Da Landini a Donatella Di Cesare e Rifondazione, chi ripete: «Non si risponde alla guerra con la guerra». Le posizioni neutraliste mettono sullo stesso piano aggredito e aggressore.
Antonio Polito Corriere della Sera 5 marzo 2022
In ogni talk show ce n’è uno. Quello che dice: più gli ucraini combattono e più dura la guerra. Siccome alla fine vincerà comunque Putin, prima Putin vince e prima ci sarà la pace. Elementare, Watson. Dunque, per il bene degli ucraini, non aiutiamoli a resistere, né con le sanzioni né con l’invio di armi.
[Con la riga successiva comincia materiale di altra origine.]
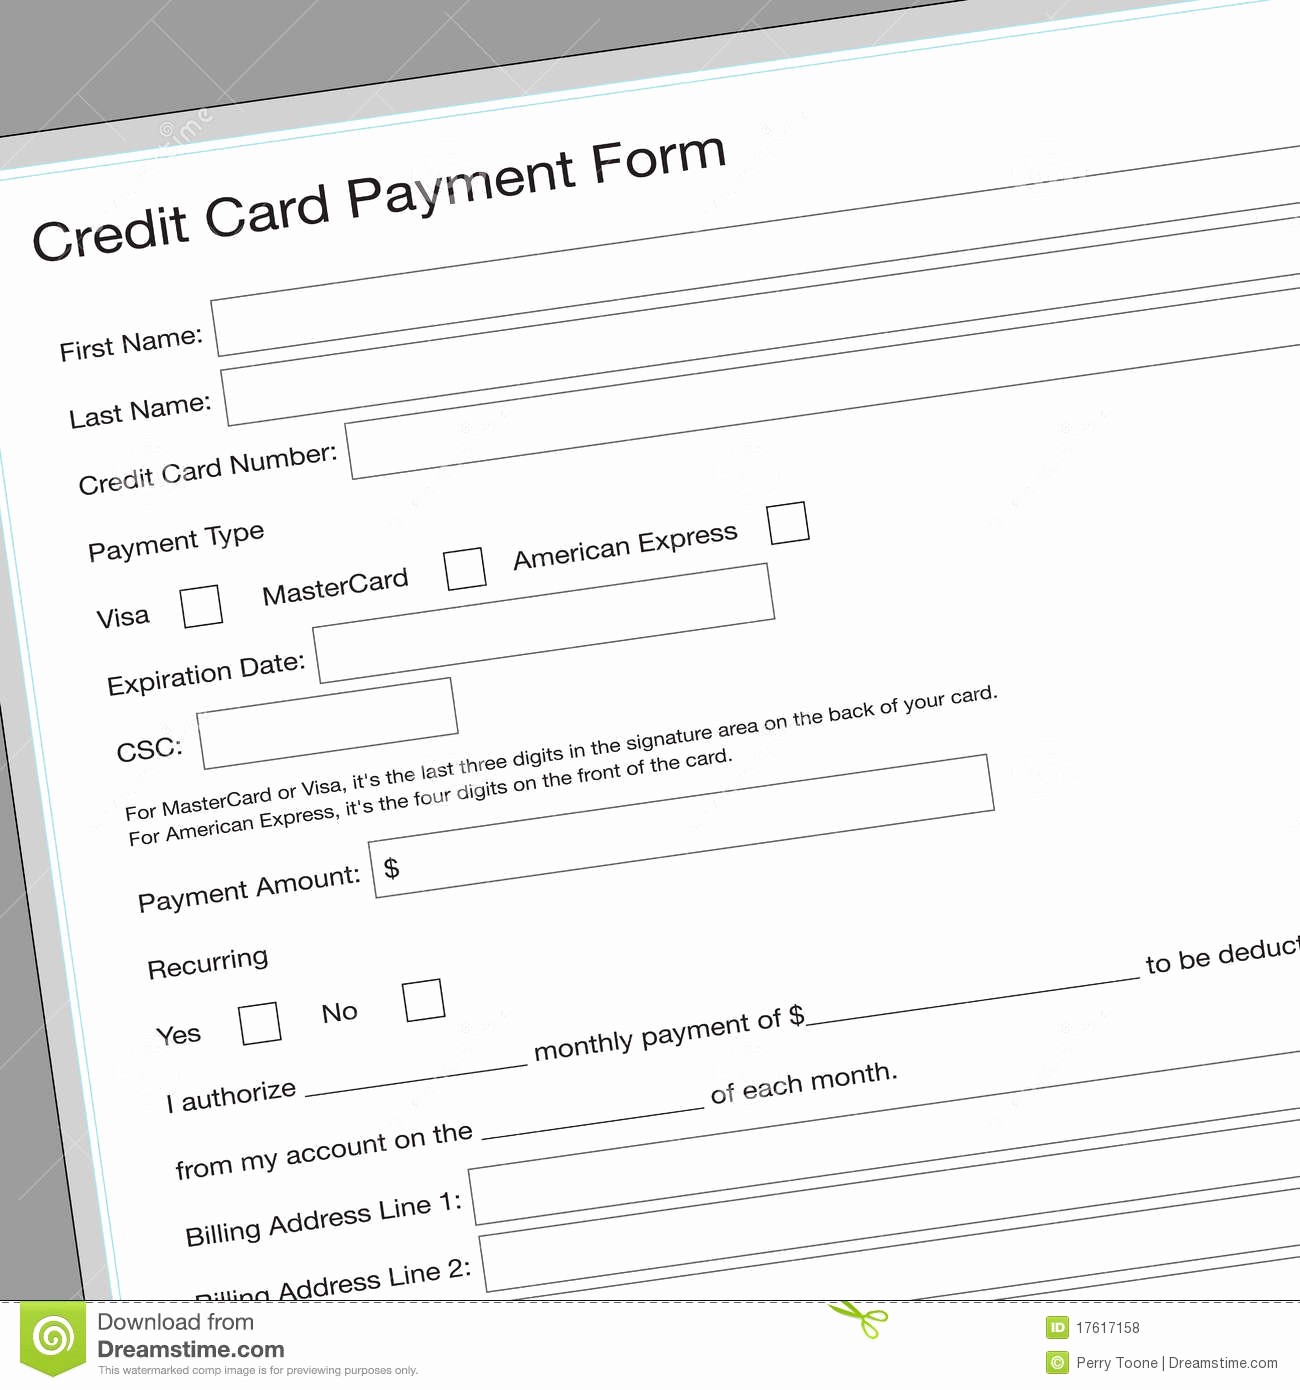 Credit Card Sign Out Sheet Unique Credit Card Application form Royalty Free Stock S

Questa inversione dell’onere della pace, per cui dovremmo essere noi, Occidente, a «cessare» una guerra avviata da Putin, evitando di farlo arrabbiare e fingendo di non sentire — ovviamente per il loro bene — gli ucraini che ci chiedono aiuto, può avere effetti paradossali.
Libertà e guerra
L’altra sera, per esempio, una valente filosofa, Donatella Di Cesare, cercava di convincere in tv una esterrefatta profuga ucraina, con i familiari sotto le bombe, che «non si conquista la libertà attraverso la guerra» e che «la pace è anche pensare di poter avere torto». Ma gli ucraini la libertà ce l’avevano già, e pure la pace. E tornerebbero volentieri al 23 febbraio, a prima dell’invasione. La guerra non l’hanno cominciata loro. E anche se, adesso che sono stati invasi, combattono per la libertà, negargli questo diritto ci costringerebbe a riscrivere tutti i libri di storia delle nostre scuole, e condannare Mazzini e Garibaldi e le tre guerre di indipendenza, e pure il poeta Byron che andò a battersi e morire per la libertà della Grecia, e strappare centinaia di pagine sulla autodeterminazione dei popoli.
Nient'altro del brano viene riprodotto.